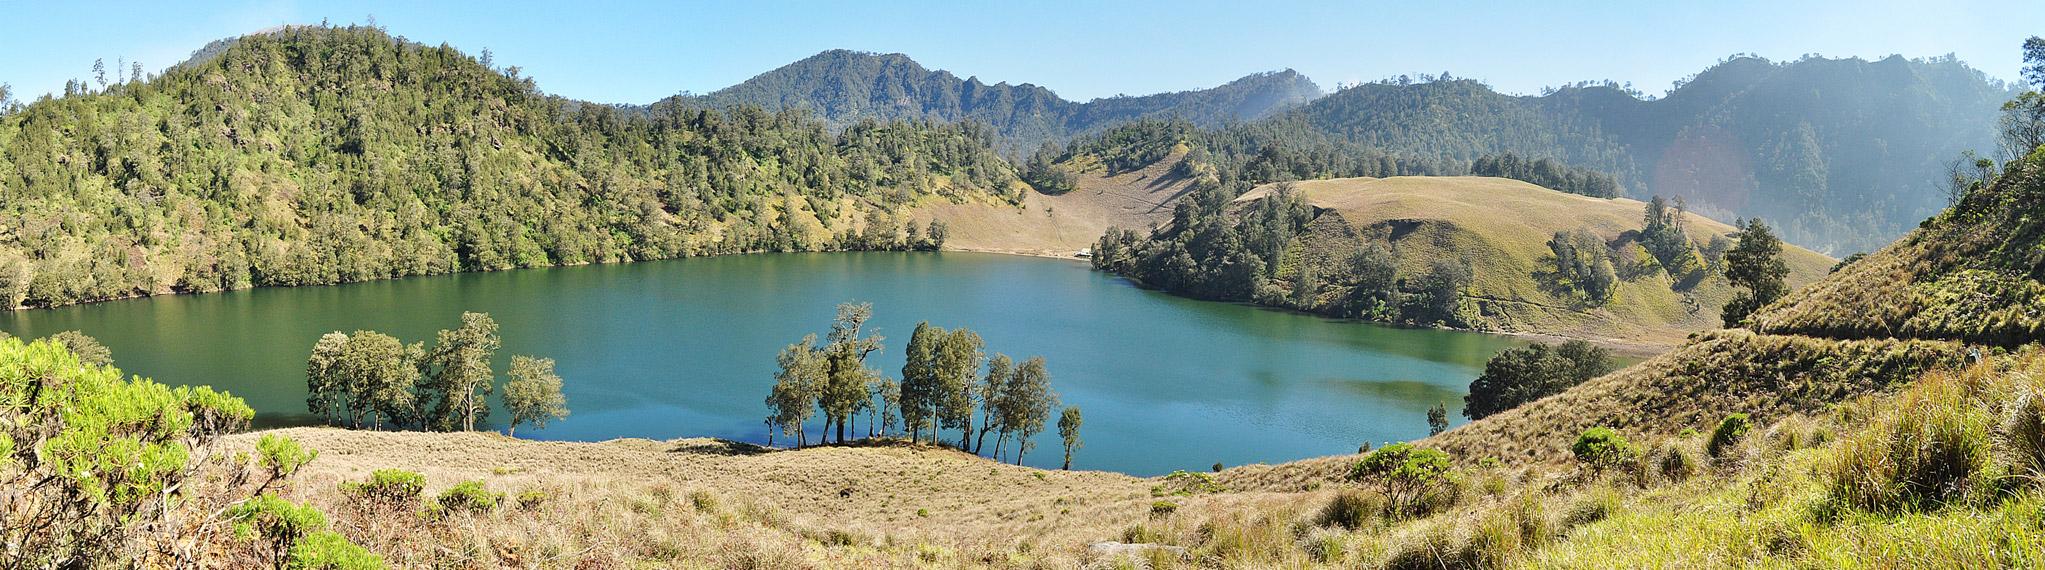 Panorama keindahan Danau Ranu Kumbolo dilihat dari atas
...
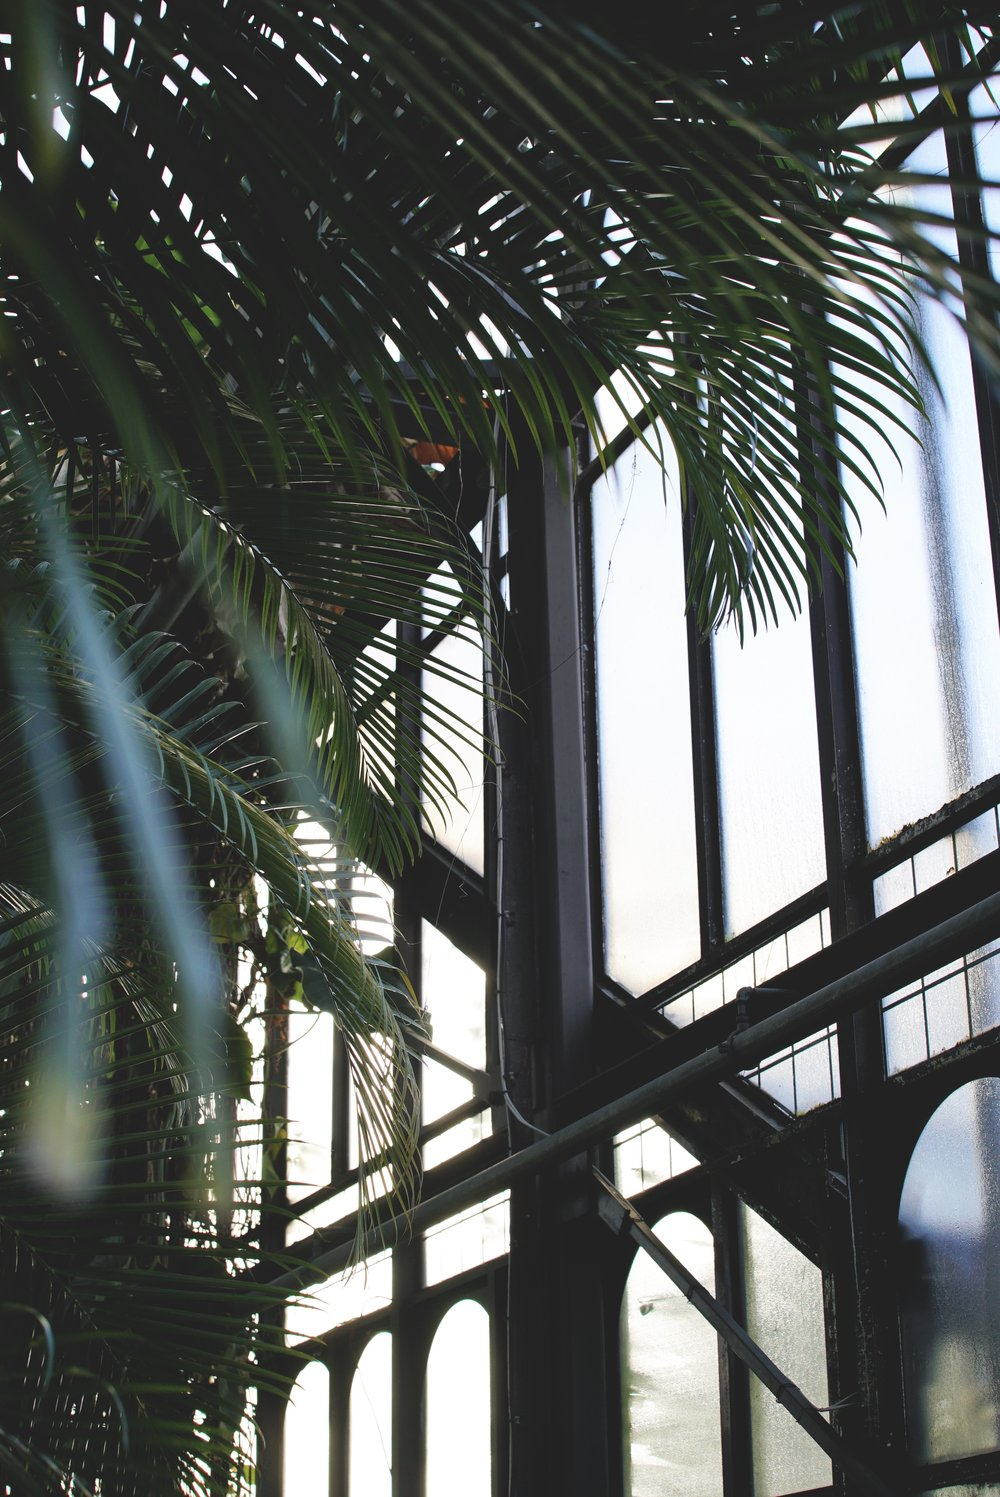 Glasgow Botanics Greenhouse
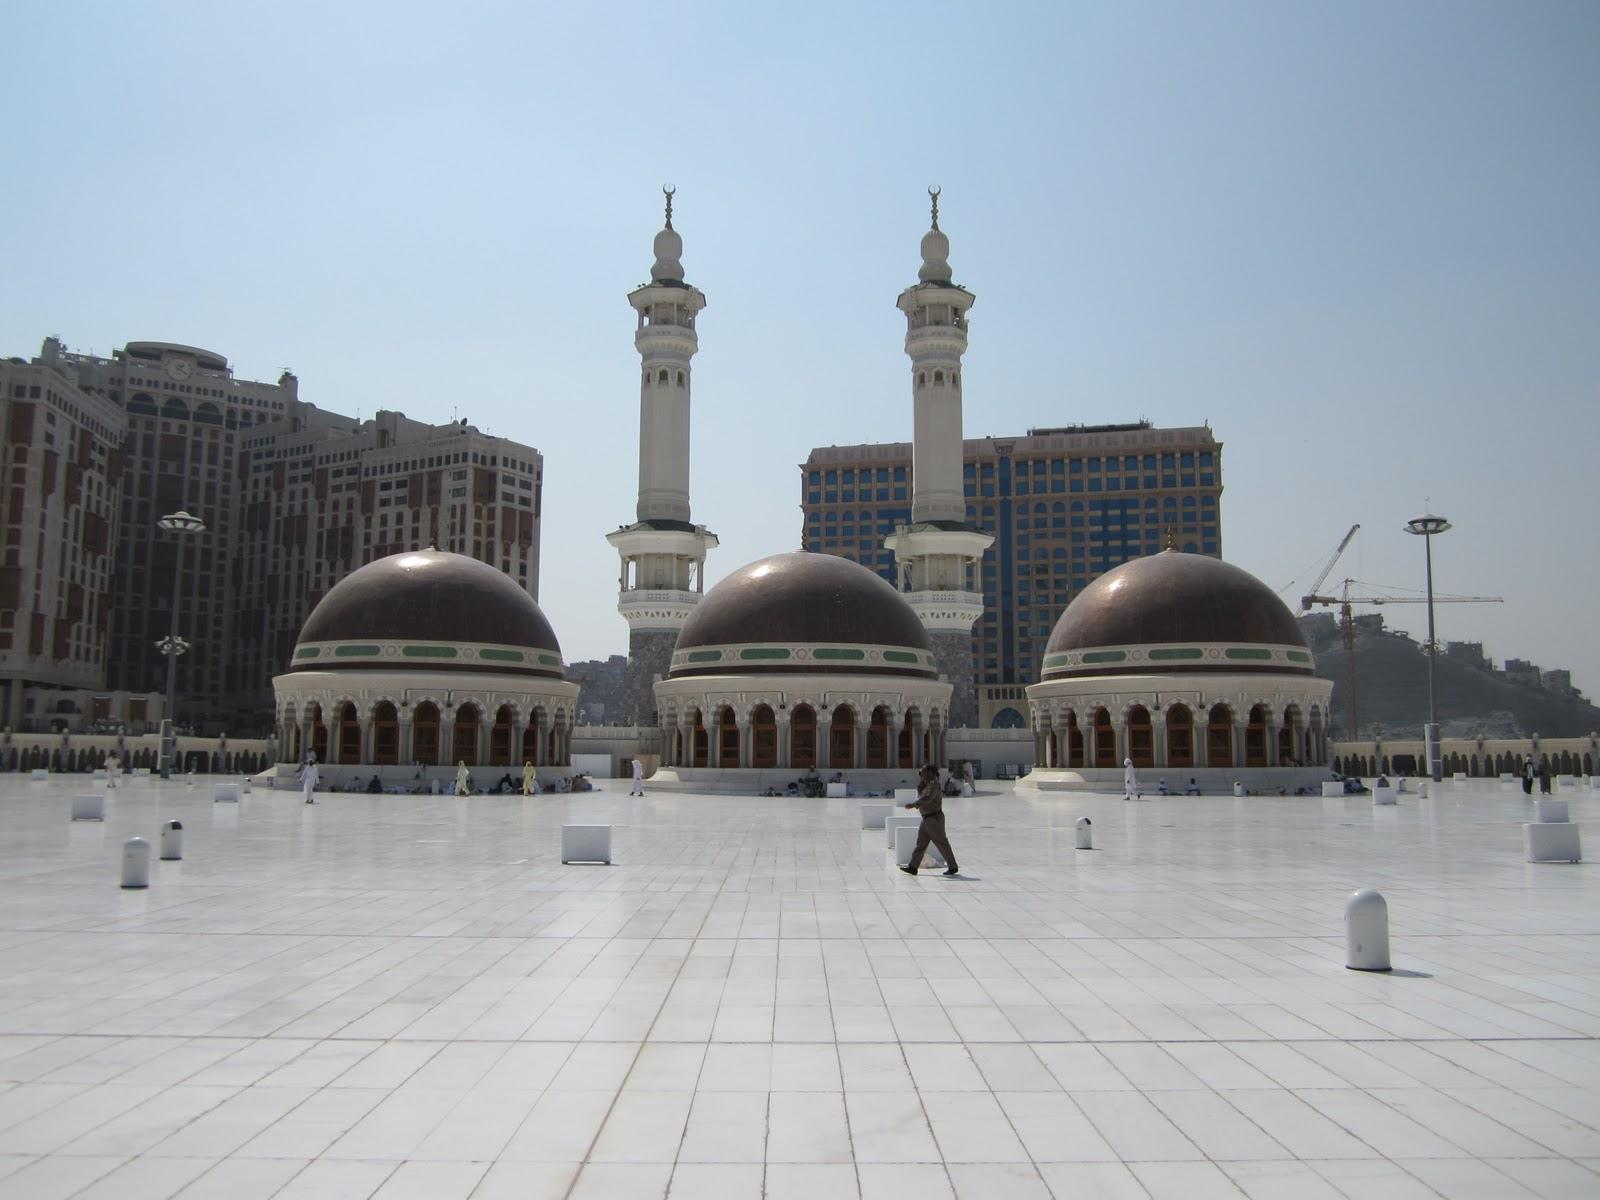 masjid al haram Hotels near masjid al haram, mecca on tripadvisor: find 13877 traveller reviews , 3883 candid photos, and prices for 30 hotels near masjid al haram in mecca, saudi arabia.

* [Try it] Look through the listing above for the line with "Glasgow Botanics Greenhouse" and the line with "masjid al haram Hotels". Write out exactly those lines and everything between, leaving out pictures.

* [Solved problem]
 Glasgow Botanics Greenhouse
 masjid al haram Hotels near masjid al haram, mecca on tripadvisor: find 13877 traveller reviews , 3883 candid photos, and prices for 30 hotels near masjid al haram in mecca, saudi arabia.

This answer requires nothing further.